Task brief:
Could you give back exactly the lines below from the one with "Levi Elyson © 501 Studios, ARS" through the one with "大 眼睛 有害 细菌 插画", without a single picture?

The input:
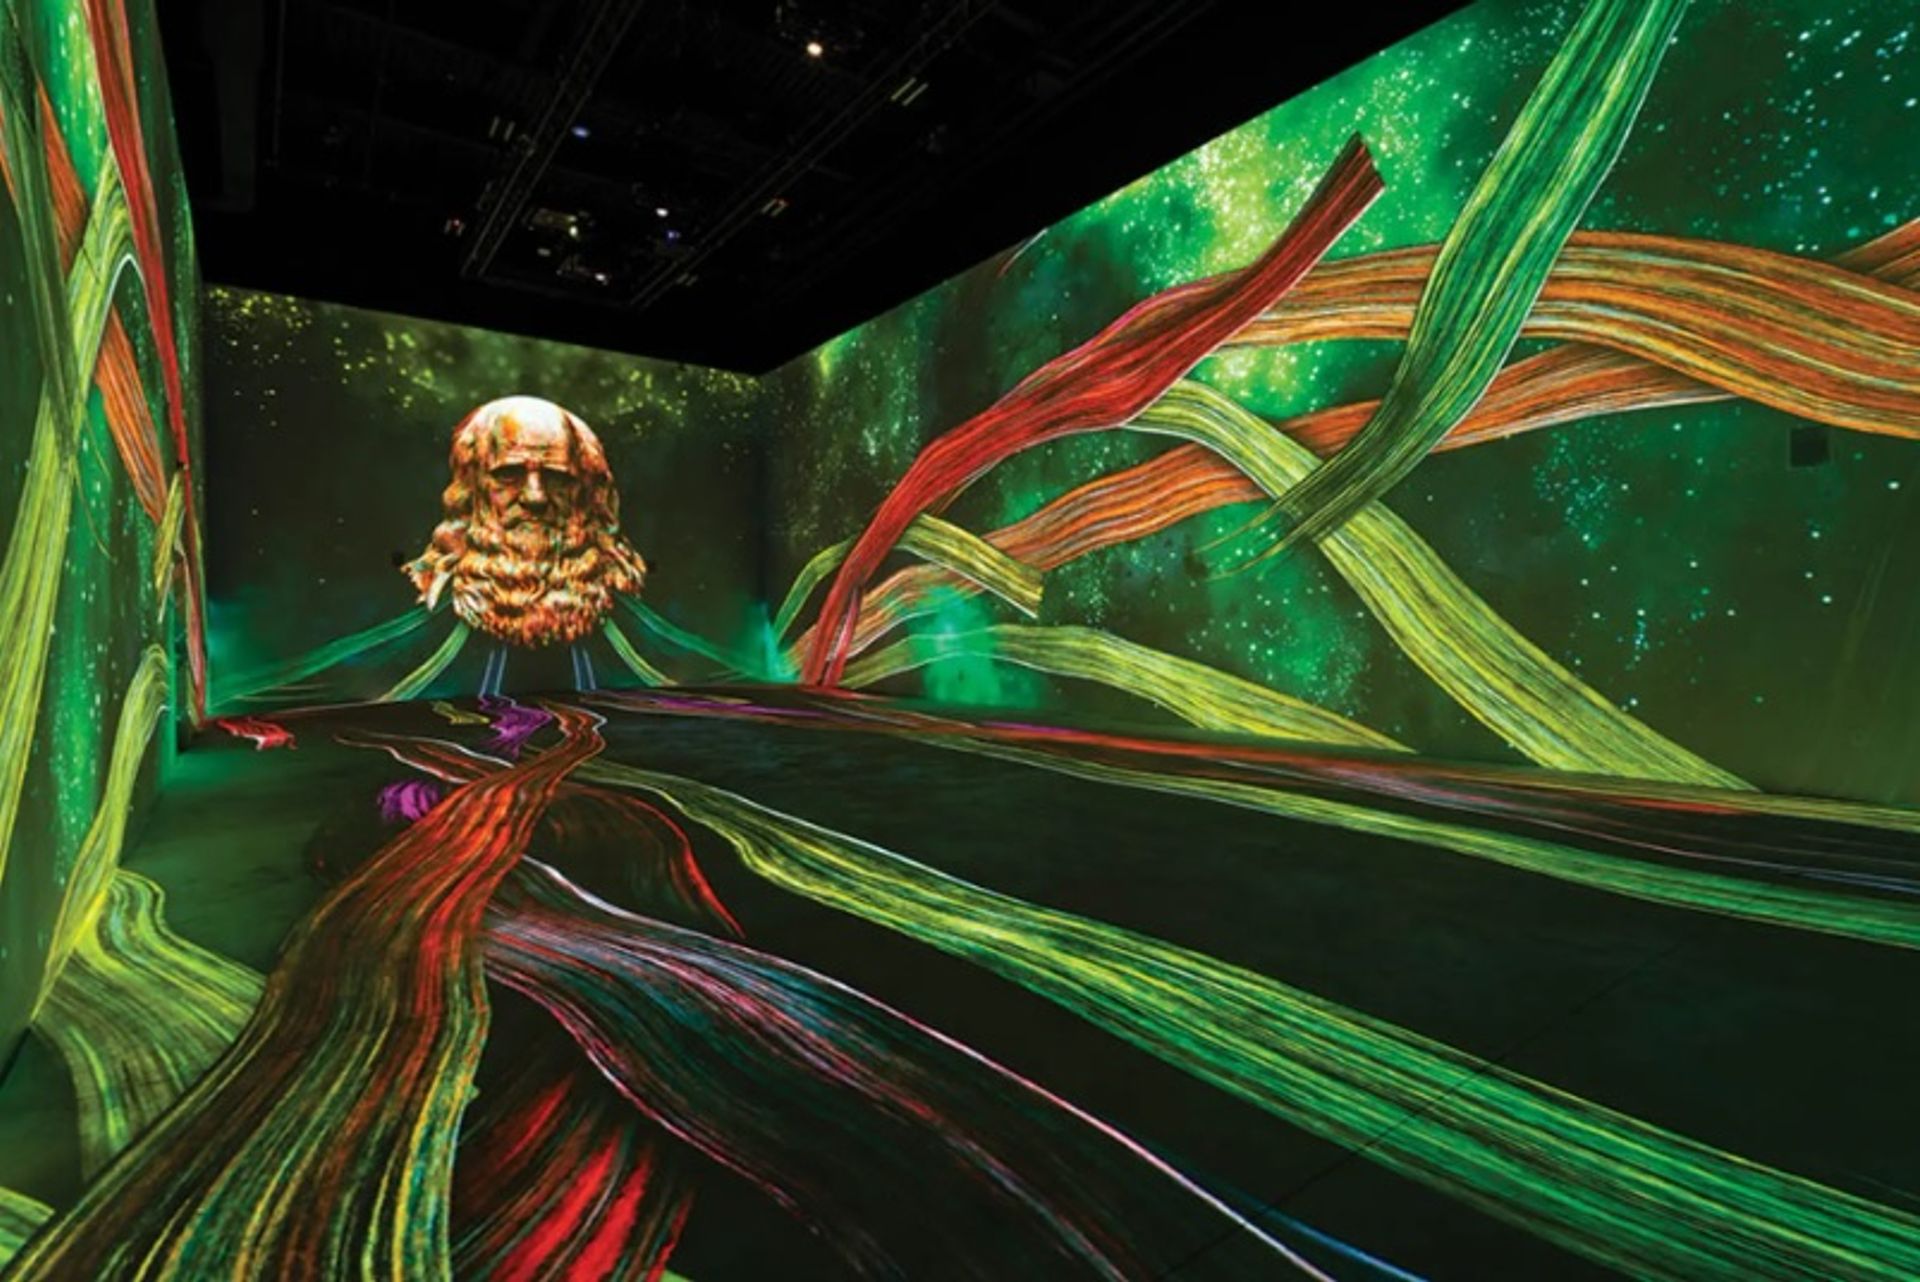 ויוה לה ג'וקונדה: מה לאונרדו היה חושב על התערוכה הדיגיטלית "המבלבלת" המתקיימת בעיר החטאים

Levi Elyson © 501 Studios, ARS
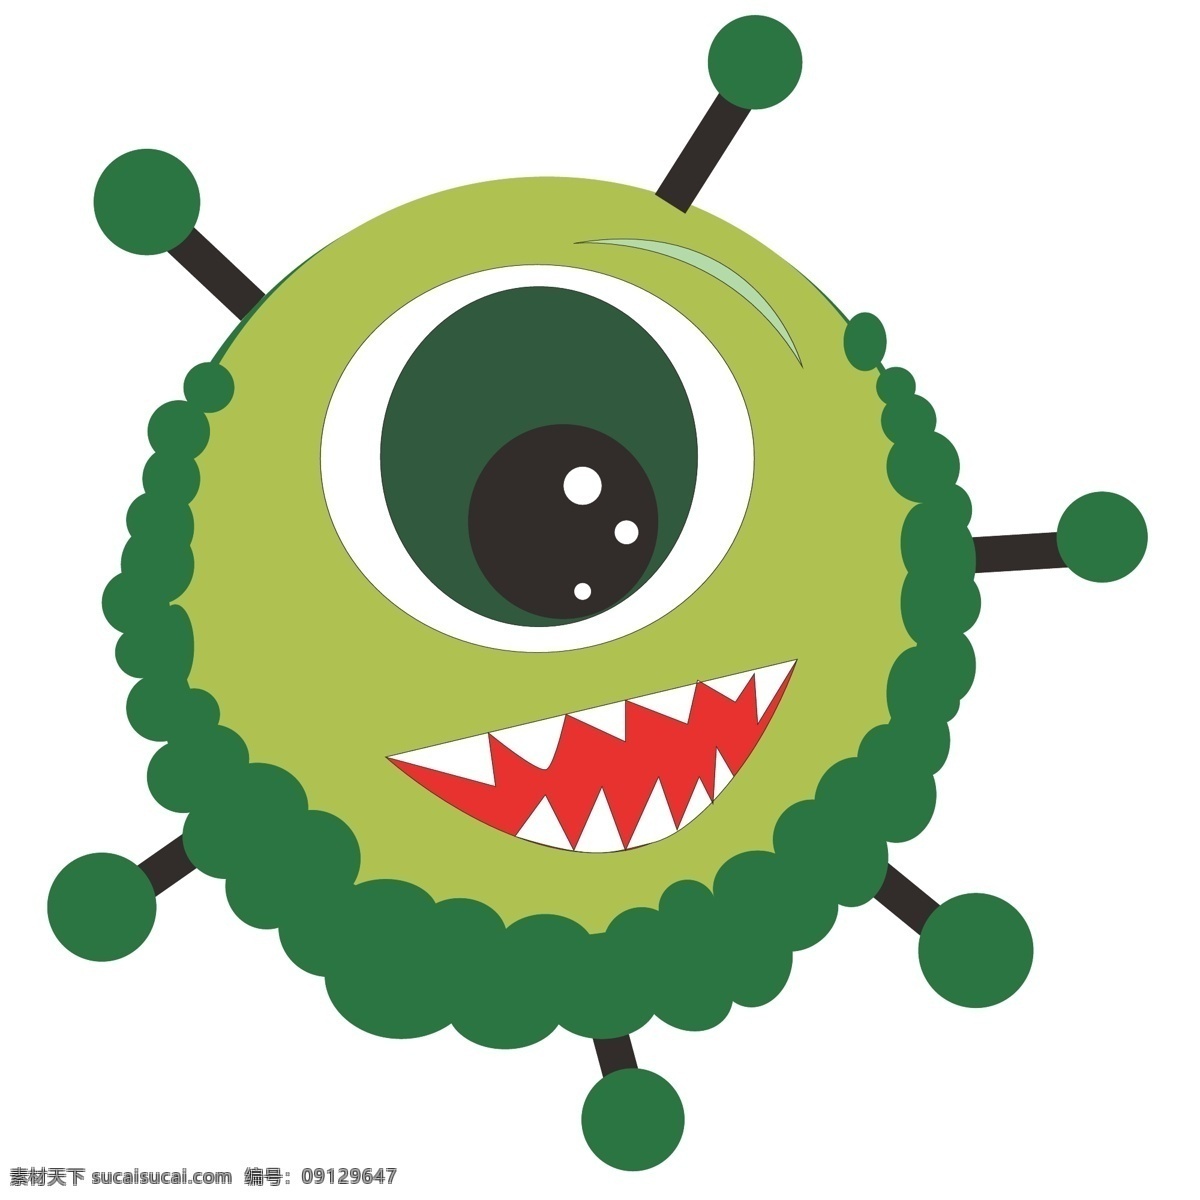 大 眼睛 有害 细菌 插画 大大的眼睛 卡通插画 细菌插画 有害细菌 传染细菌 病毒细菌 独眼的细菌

* * *

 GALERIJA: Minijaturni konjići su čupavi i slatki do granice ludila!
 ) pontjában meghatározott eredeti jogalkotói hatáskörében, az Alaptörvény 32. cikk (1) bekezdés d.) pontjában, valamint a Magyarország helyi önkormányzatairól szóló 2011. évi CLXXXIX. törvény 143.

The completed task:
Levi Elyson © 501 Studios, ARS
 大 眼睛 有害 细菌 插画 大大的眼睛 卡通插画 细菌插画 有害细菌 传染细菌 病毒细菌 独眼的细菌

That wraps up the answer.